In 1992 the ASSR was renamed as the Republic of Crimea in the newly independent Ukraine which maintained Crimea's autonomous status, while the Supreme Council of Crimea affirmed the peninsula's "sovereignty" as a part of Ukraine. Based on the resolution of the Verkhovna Rada of Crimea (the parliament) on 26 February 1992, the Crimean ASSR was renamed the Republic of Crimea. The Crimean parliament proclaimed self-government on 5 May 1992 and passed the first Crimean constitution together with a declaration of conditional independence on the same day.
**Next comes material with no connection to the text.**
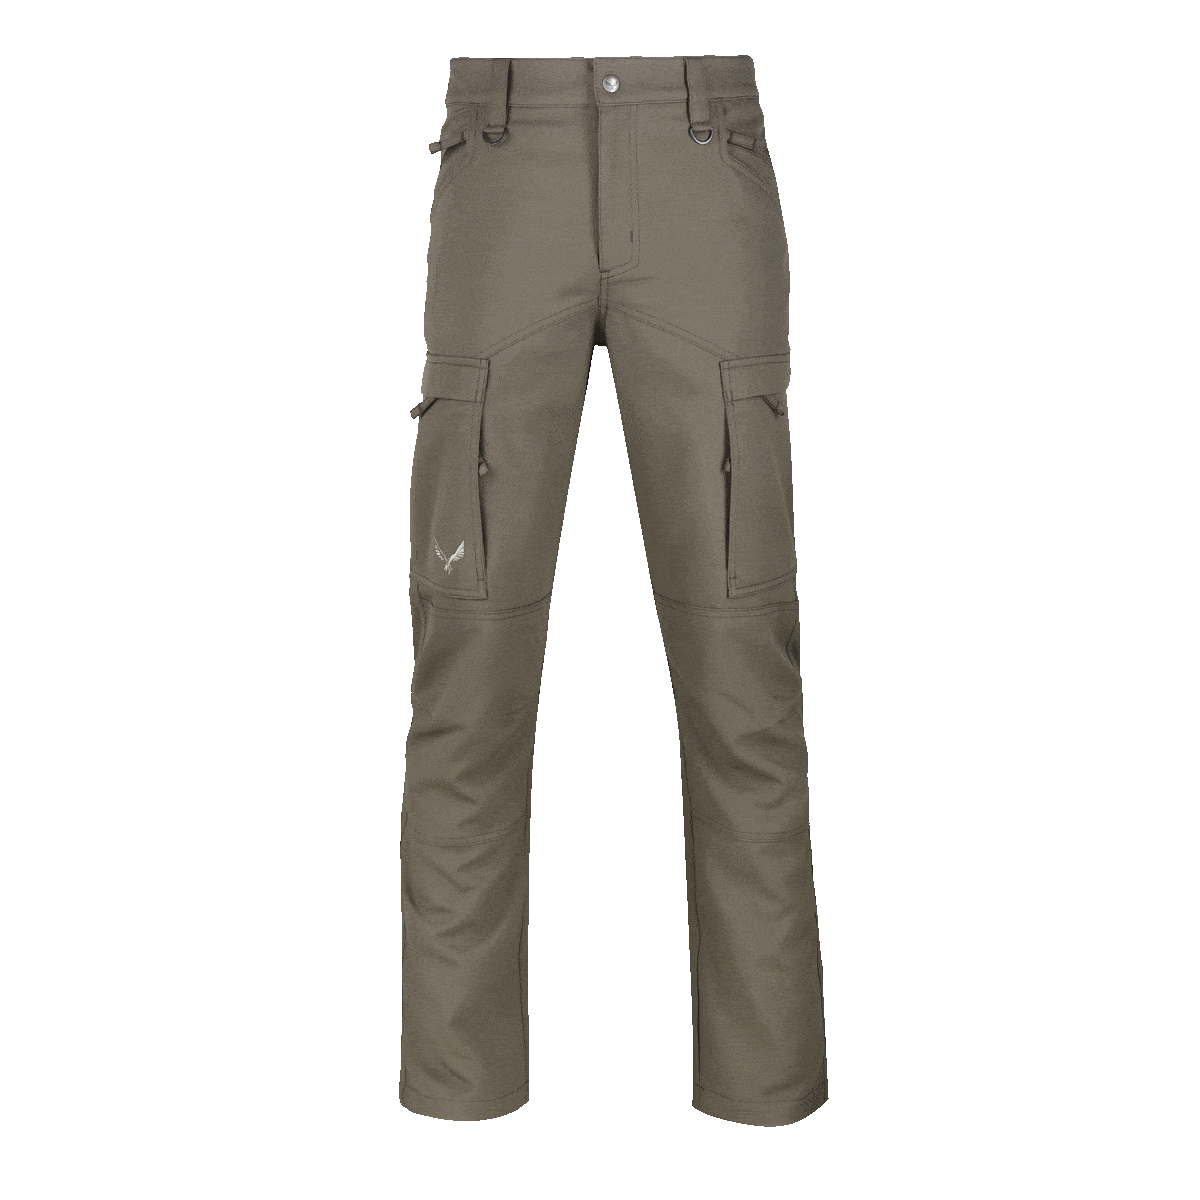 Virtus tactical range shop. Jeans clipart green pants

There was stiff resistance from Ukraine and a day later, on 6 May, the same parliament inserted a new sentence into this constitution that declared that Crimea was part of Ukraine. A referendum to confirm the decision was not held until 1994 due to the opposition from the Kyiv government. On 17 December 1992, the office of the Ukrainian presidential representative in Crimea was created, which led to a wave of protests a month later.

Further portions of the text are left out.